Exactly the lines below from the line with "White rose on" through the line with "P&O Cruises - Iona" must make up the answer, both ends included and pictures left out.

*** TASK DATA ***

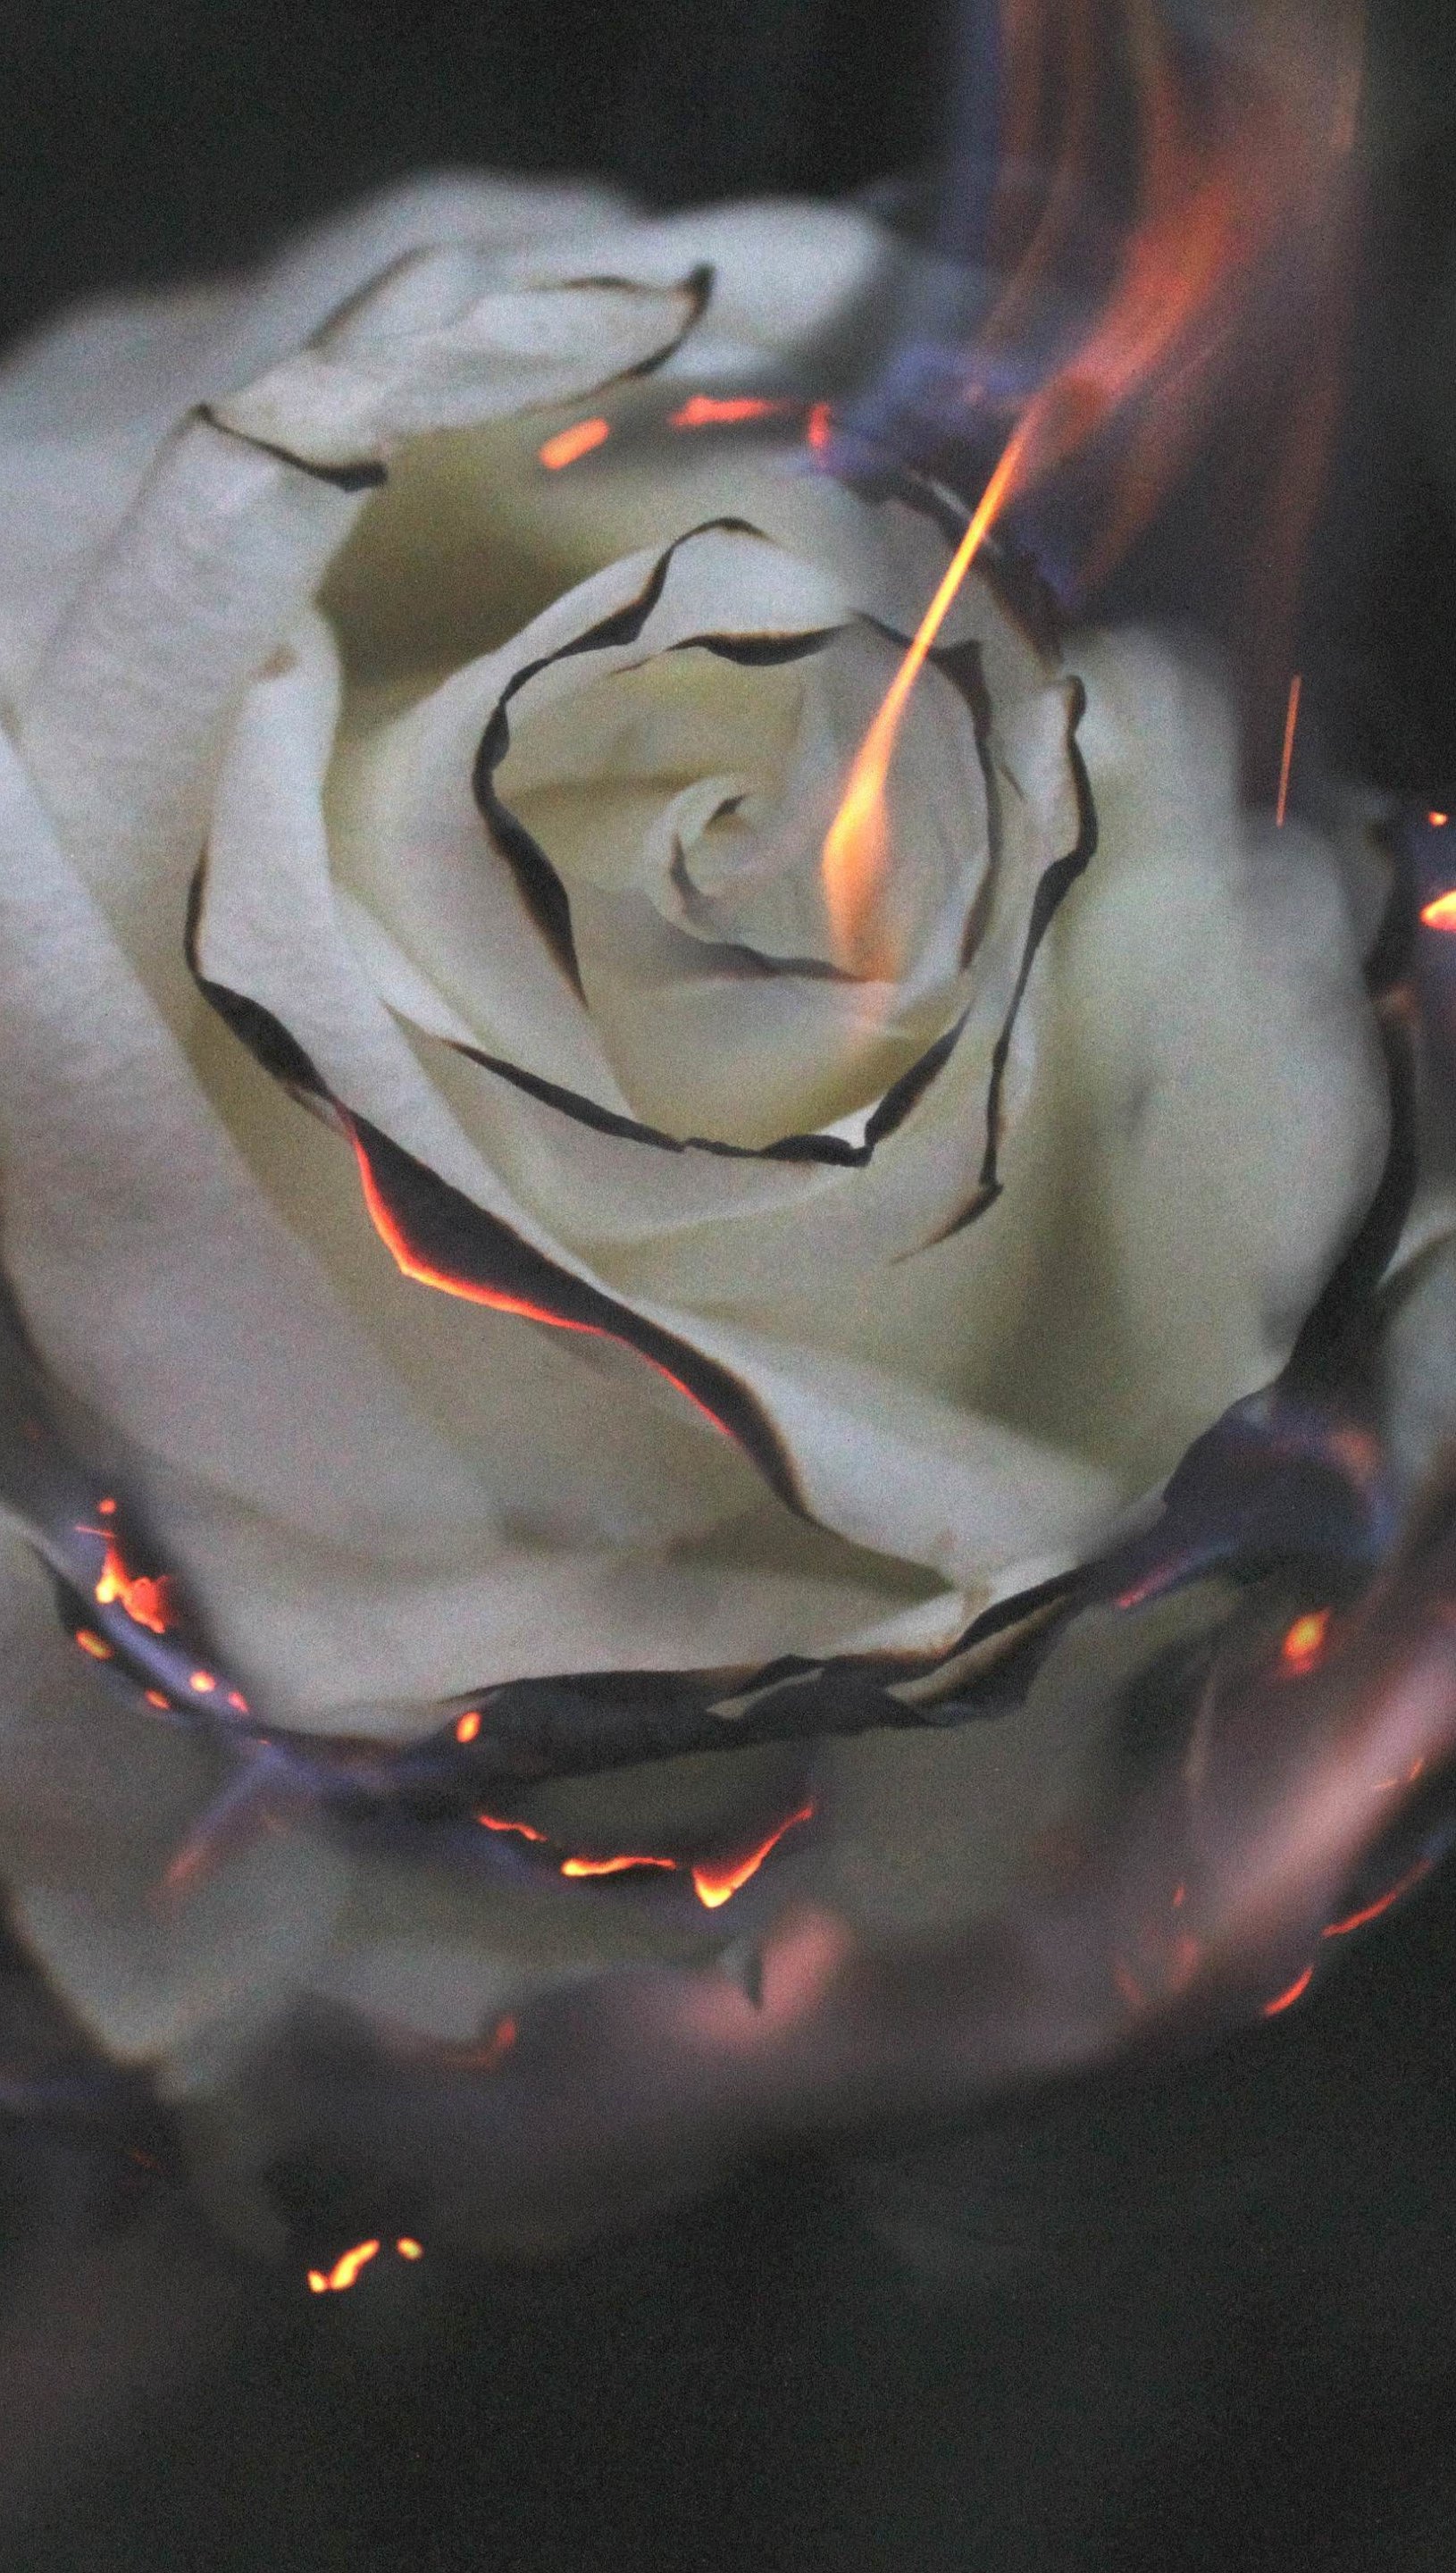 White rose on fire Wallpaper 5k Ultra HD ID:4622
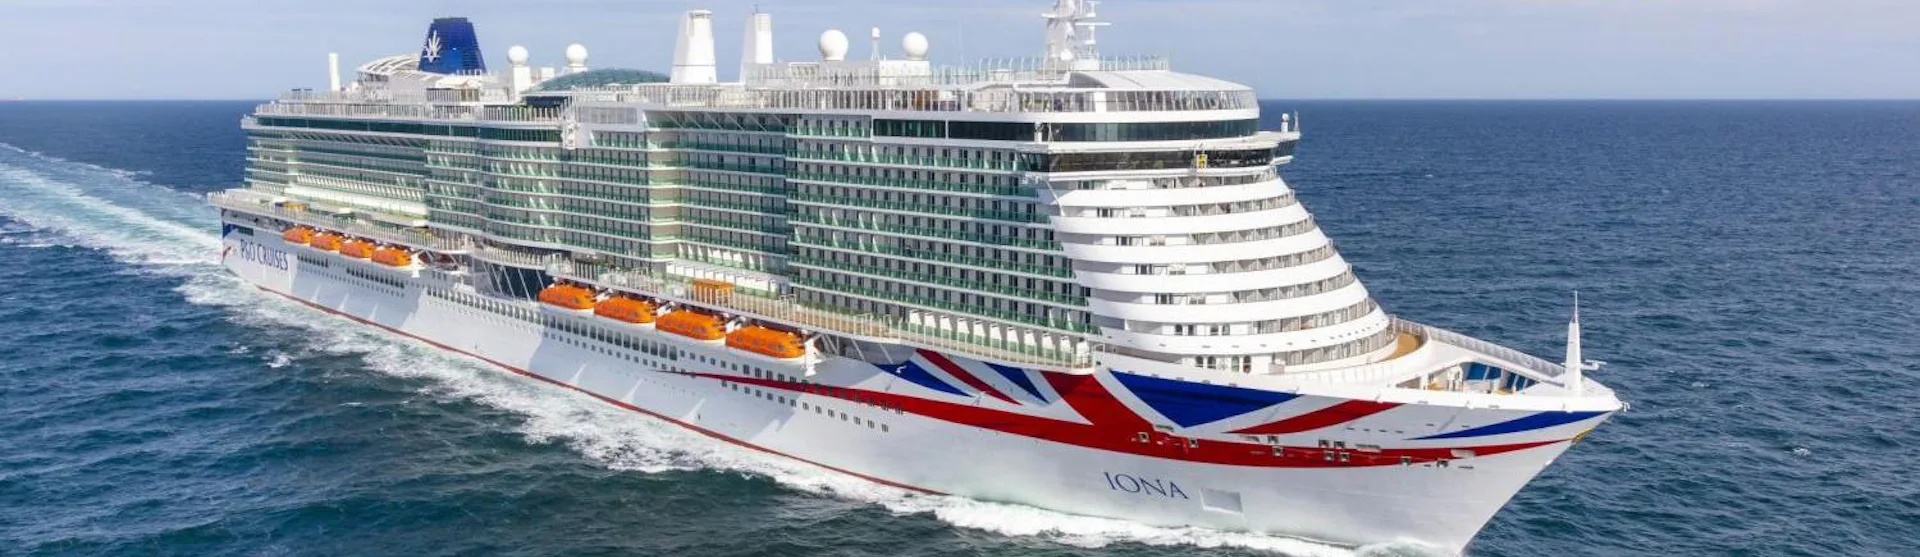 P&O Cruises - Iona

*** End of TASK DATA ***
*** TASK DATA ***

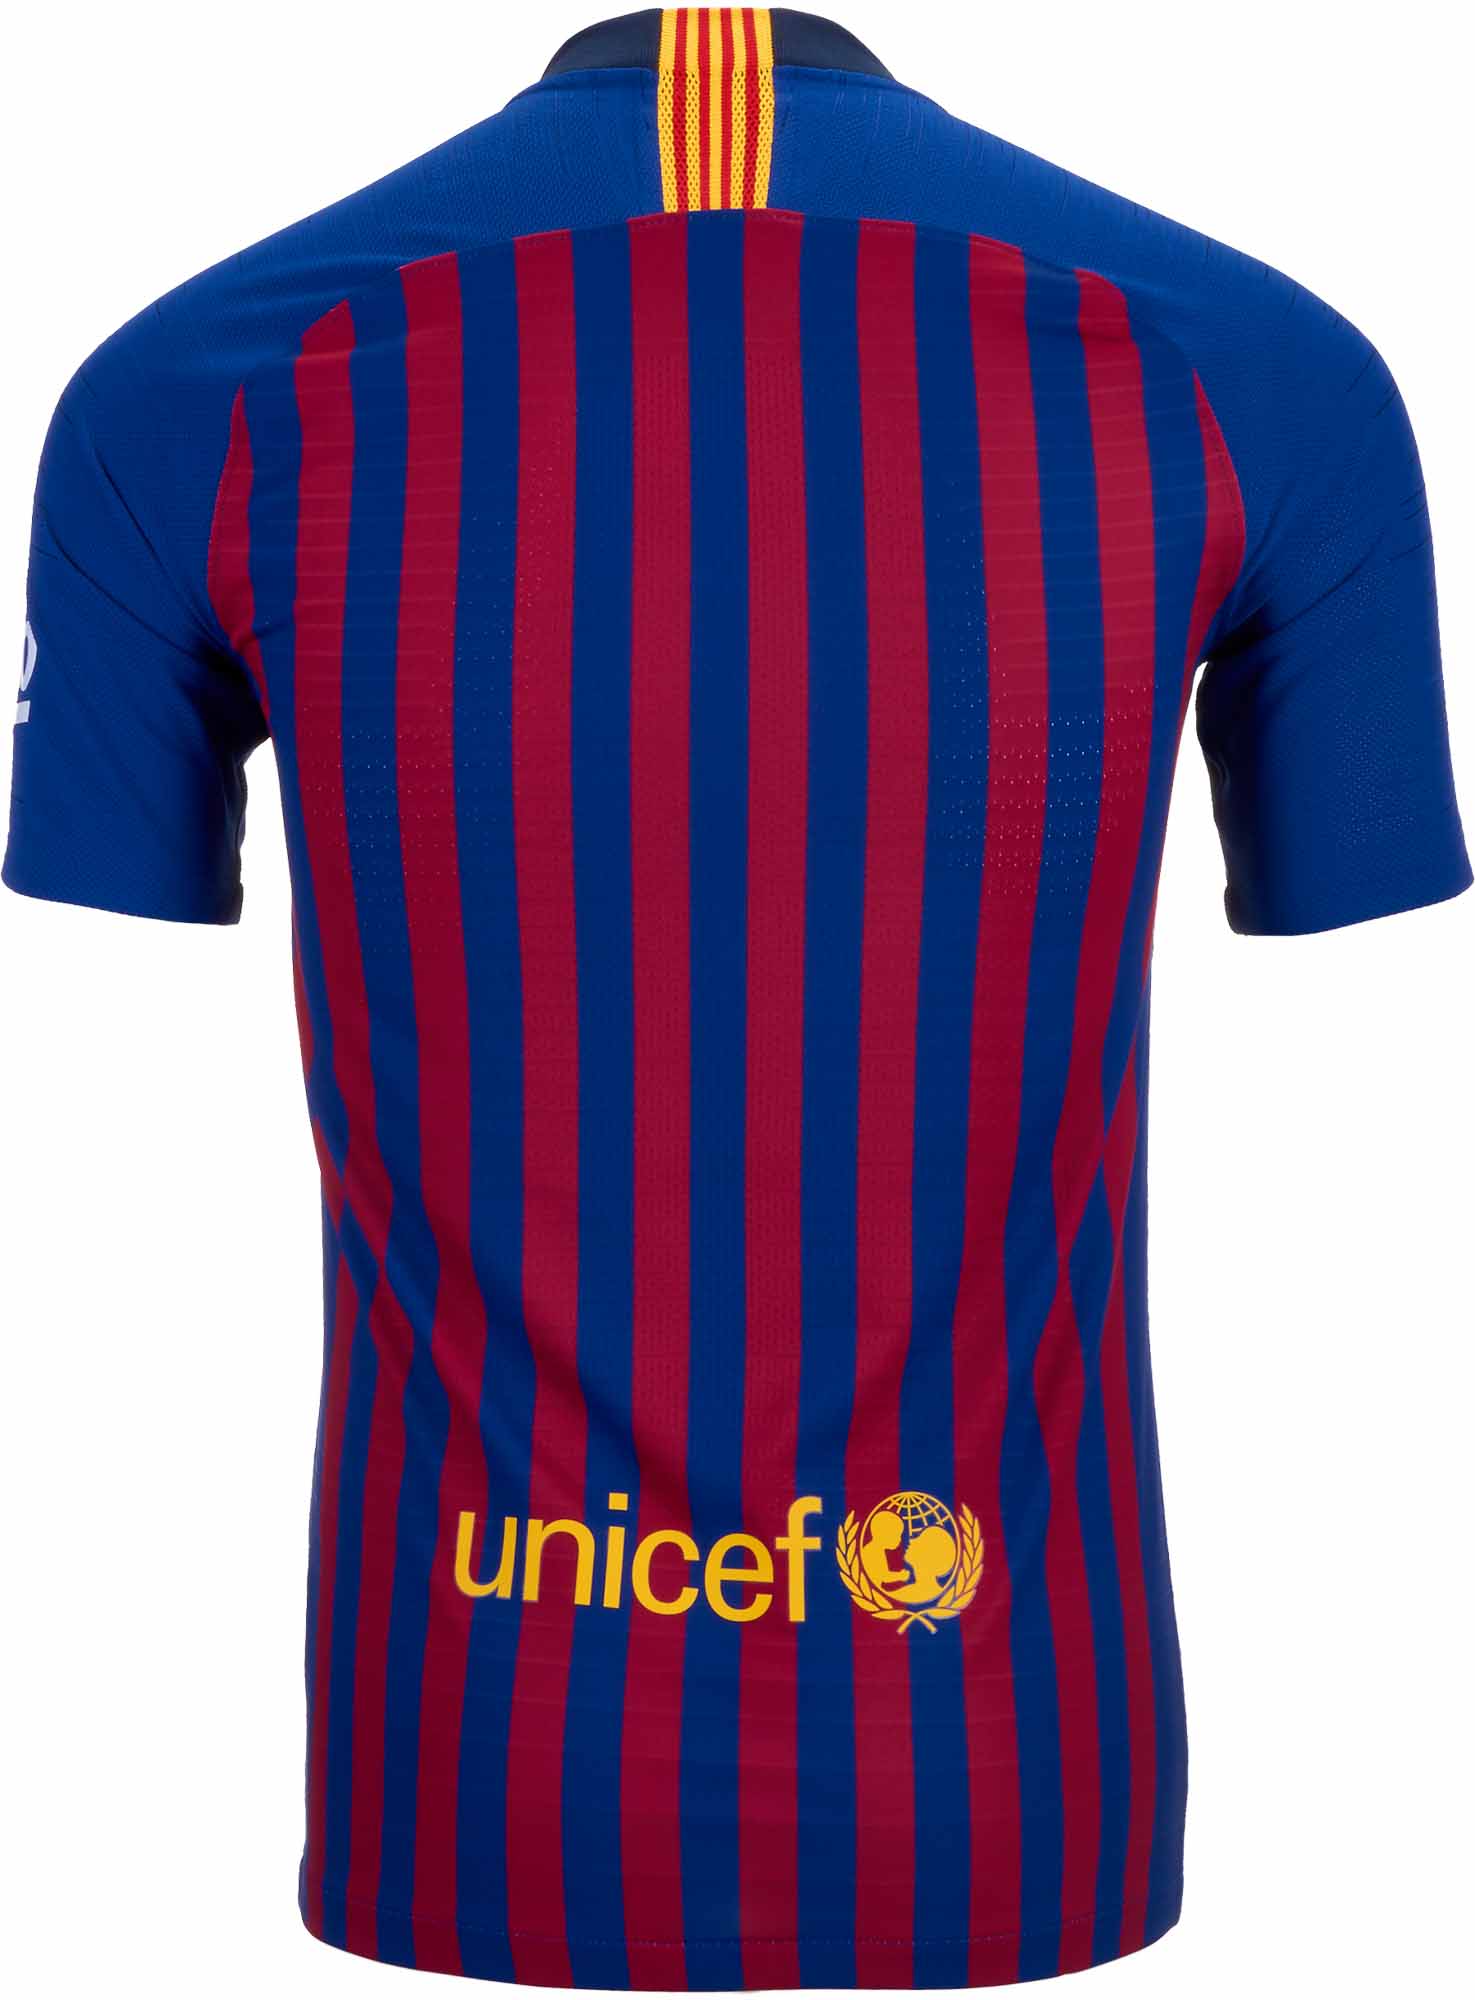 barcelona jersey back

*** End of TASK DATA ***

### WRITTEN SOLUTION
 White rose on fire Wallpaper 5k Ultra HD ID:4622
 P&O Cruises - Iona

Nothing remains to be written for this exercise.